Diablo III Rendering

October 5, 2012 · 9 min read

How are the graphics engines of world-famous games built? What technologies do developers at the largest game companies use? Is it really necessary to employ the most cutting-edge techniques of modern 3D graphics to create beautiful visuals? We'll try to answer these questions by examining the rendering subsystem of Diablo III from Blizzard Entertainment.

I've worked in game development for a long time, and one of my hobbies is reverse-engineering the graphics engines of popular games. When the long-awaited sequel to the Diablo series was released, I immediately wanted to find out what technologies the developers had used in their creation.

The renderer is built on top of Direct3D 9. This allows the game to support a broader range of graphics hardware. The advanced features offered by Direct3D 10 and 11 are often either unnecessary or can be implemented in one way or another using Direct3D 9.

Shadows

Precomputed lightmaps are used for all static level geometry. Yes, the good old technique that's been around ever since 3D accelerators started supporting multitexturing.

The lightmap is generated beforehand either in a 3D content creation package (3ds Max, Maya) or using a custom ray tracer inside the level editor. A single lightmap texture is shared between multiple game objects, or between multiple parts of a large object such as terrain.
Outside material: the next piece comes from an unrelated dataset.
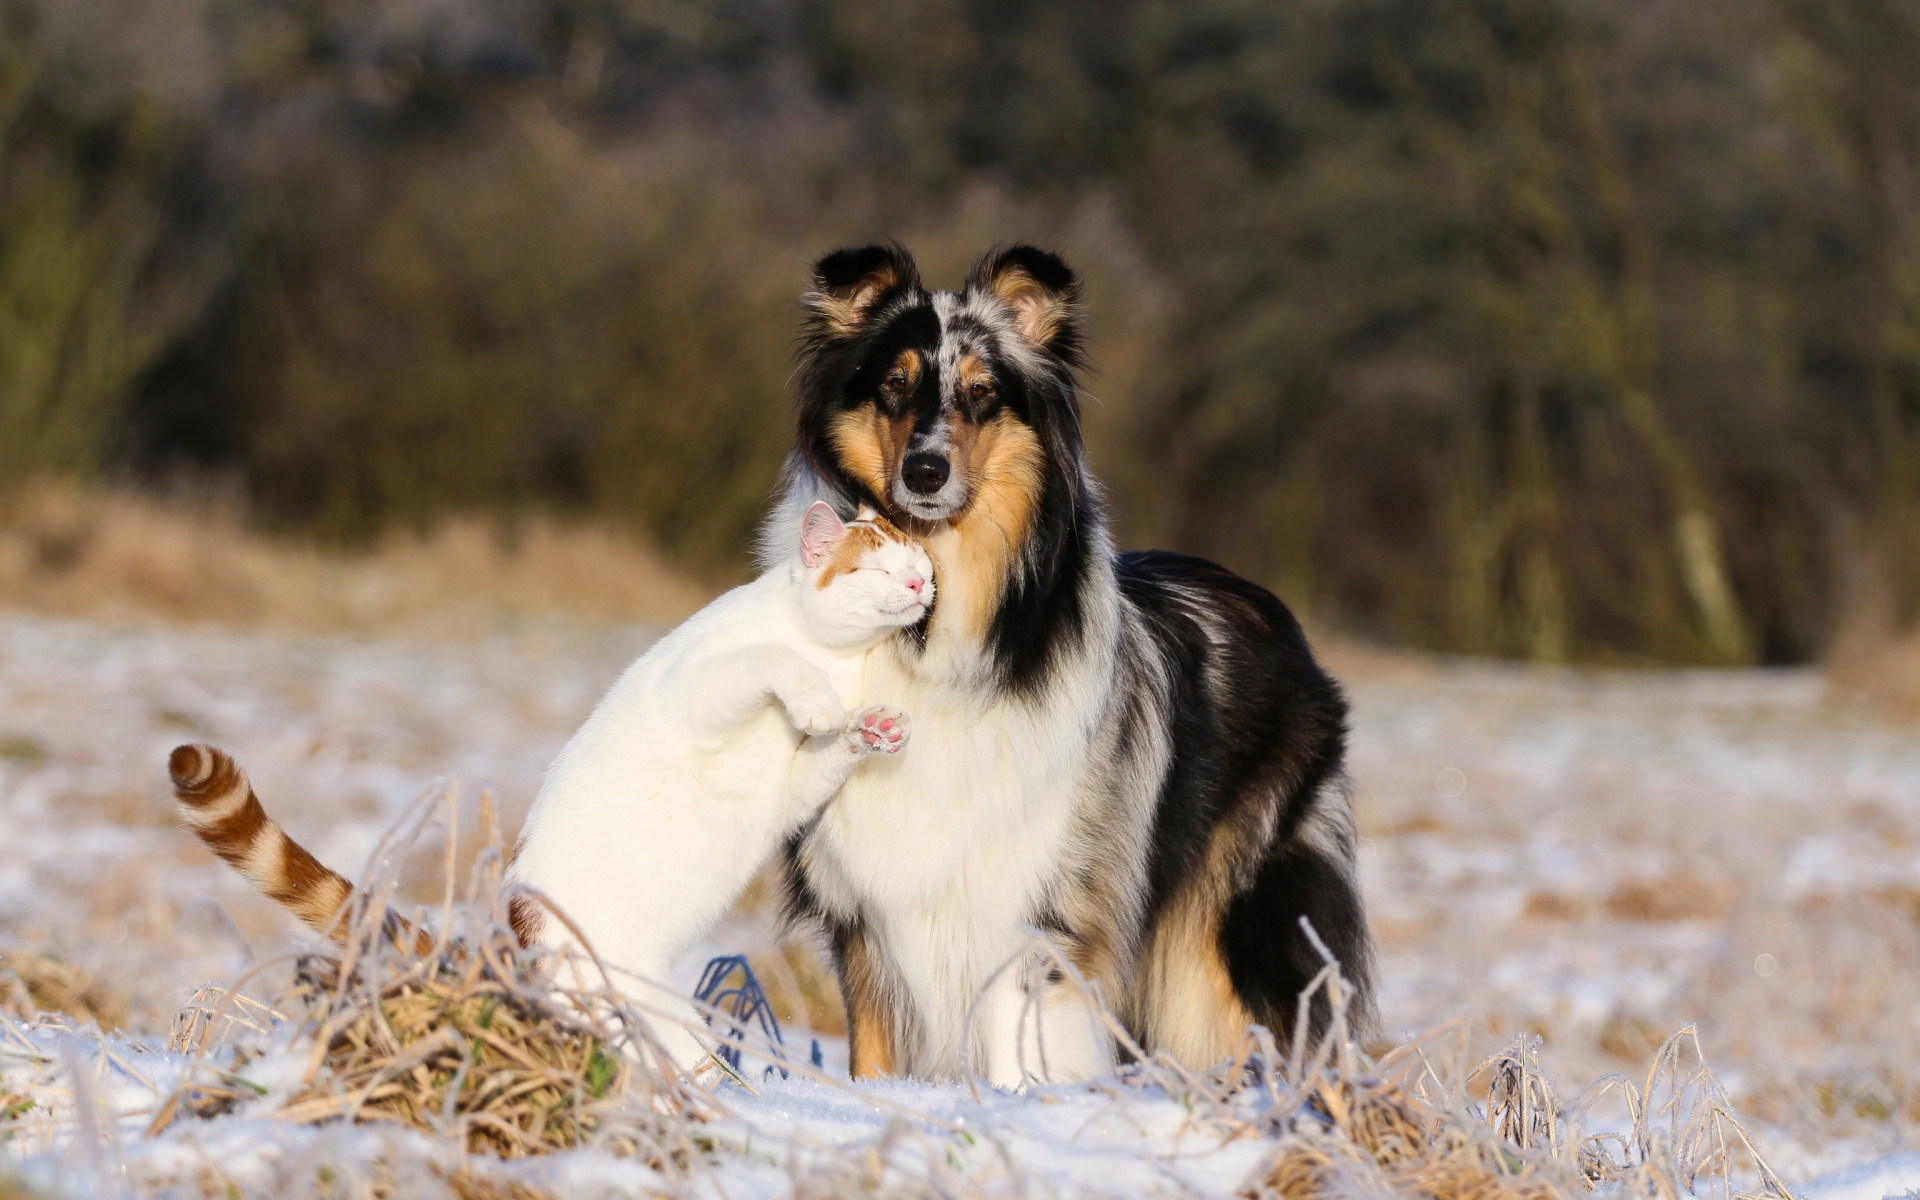 Friendship Cat and Dog Collie wallpaper 1920x1200

For dynamic objects (monsters and player characters), dynamic shadows based on the shadow map technique are used. (Stencil shadows are practically extinct nowadays.) The developers departed from the conventional approach and chose not to use hardware shadow maps. That is, they do not use depth textures with built-in Percentage Closer Filtering (PCF) provided by all major GPU vendors. Instead, they implemented Variance Shadow Maps (VSM). This technique allows soft shadow edges to be produced through ordinary image blurring. With traditional shadow maps, blurring depth values is meaningless, so this approach is not possible. I won't go into the details of VSM here (see the useful links at the end of the article). I'll simply note that the algorithm requires storing two values:

depth
depth squared

The second value places fairly strict requirements on storage precision. As a result, a texture of format:

A32B32G32R32F

was chosen. At maximum shadow quality, its resolution is:

2048 × 2048

Dynamic SM

Shadow-map generation itself is entirely standard. All shadow casters are rendered into the shadow map from the point of view of the light source. The shadow texture is then blurred horizontally and vertically. When rendering shadow receivers, the shadow map is sampled to determine illumination visibility, and the final pixel color is darkened accordingly. Shadow-map sampling must use bilinear filtering. Hardware filtering of A32B32G32R32F textures is not supported by all Shader Model 3.0 GPUs. Therefore Blizzard implemented the filtering manually inside the shader. (My own graphics card supports it, but the renderer doesn't rely on that.)

Shadow rendering uses:

orthographic projection for directional lights (sunlight)
perspective projection for spotlights

Perspective shadow-map warping techniques such as:

Perspective Shadow Maps (PSM)
Trapezoidal Shadow Maps (TSM)

are unnecessary for Diablo's camera angle and therefore are not used. The same applies to:

Cascaded Shadow Maps (CSM)
Parallel Split Shadow Maps (PSSM)

Since the game camera always looks downward from above at a relatively small angle to the primary light direction, the benefits of those techniques would be minimal. Shadow map at 512×512 resolution, with and without filtering:

The terrain-patch shader contains:

With filtering:

12 texture instructions
59 arithmetic instructions

Without filtering:

10 texture instructions
29 arithmetic instructions

The extra arithmetic instructions implement bilinear filtering and VSM evaluation.

Dynamic Lighting

Surprisingly, all dynamic lighting is performed per-vertex. Just like in the good old days. There are no normal maps in the game. A bold decision. Judging by the final result, however, it was absolutely the right one. The lack of geometric detail is never noticeable. The vertex shader implements:

one point light with quadratic attenuation (similar to classic FFP formulas),
one cylindrical light source (used as character fill lighting),
up to sixteen point lights with simple linear attenuation.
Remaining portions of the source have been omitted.